Pada praktikum kali ini, dilakukan pengujian kadar HCN secara kualitatif terhadap Kripik singkong merk Qtela . Langkah pertama yang dilakukan yaitu menimbang bahan yang telah digerus/dihancurkan sebanyak 15 g, kemudian bahan tersebut dimasukkan kedalam Erlenmeyer tertutup lalu ditambahkan 50 ml aquadest dan 10 ml asam tartarat 5%. Pada mulut Erlenmeyer digantungkan kertas pikrat yang sudah dicelupkan dalam larutan Natrium Karbonat 10%. Kertas pikrat yang dicelupkan ini tidak boleh menyentuh dinding Erlenmeyer dan tidak boleh tercelup kedalam larutan sampel dibawahnya. Kemudian Terjadinya perubahan warna pada kertas pikrat dari kuning menjadi merah menunjukkan adanya HCN yang dilepaskan dari sampel, namun pada sampel kripik singkong yang diuji ini, setelah pemanasan, warna kertas pikrat tidak mengalami perubahan warna, warna kertas pikrat tetap berwarna kuning, hal ini menunjukkan bahwa sampel yang diuji ini secara kualitatif negative mengandung HCN. Pada praktikum ini dilakukan pemeriksaan kadar HCN secara kualitatif pada sampel makanan. Karena HCN sangat berbahaya dan beracun, perlu diketahui kandungan HCN dalam suatu makanan supaya dapat mengetahui kelayakan makanan tersebut untuk dikonsumsi.
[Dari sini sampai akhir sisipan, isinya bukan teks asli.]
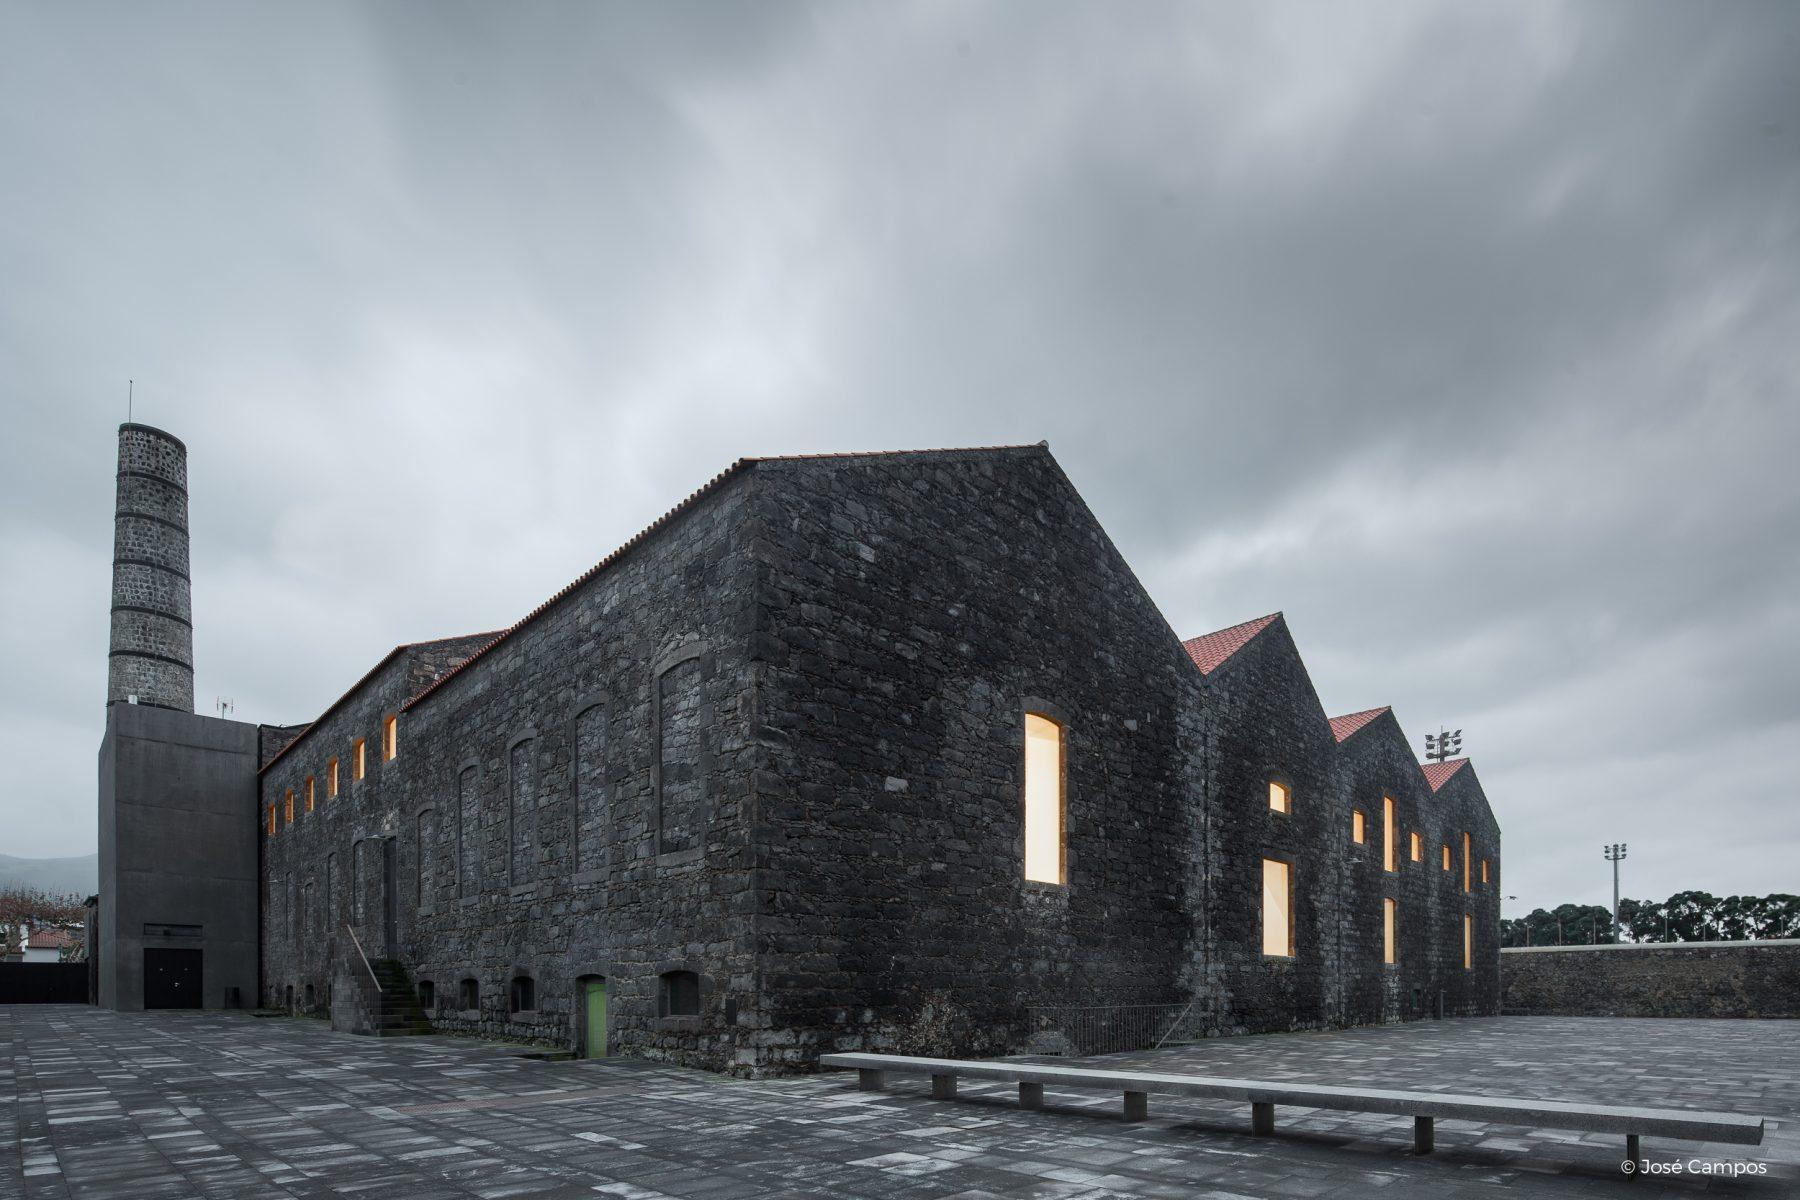 Centro de Artes Contemporâneas - Ribeira Grande - São Miguel, Açores

Praktikum pemeriksaan ini dilakukan dengan penambahan asam tartarat pada sampel yang telah diencerkan dengan aquades yang kemudian diuji menggunakan kertas pikrat yang telah dicelupkan kedalam natrium karbonat 10% yang dilakukan dengan pemanasan. Jika dalam sampel makanan tersebut mengandung HCN, maka kertas pikrat akan mengalami perubahan warna menjadi merah, sehingga dapat diketahui sampel tersebut positif mengandung HCN.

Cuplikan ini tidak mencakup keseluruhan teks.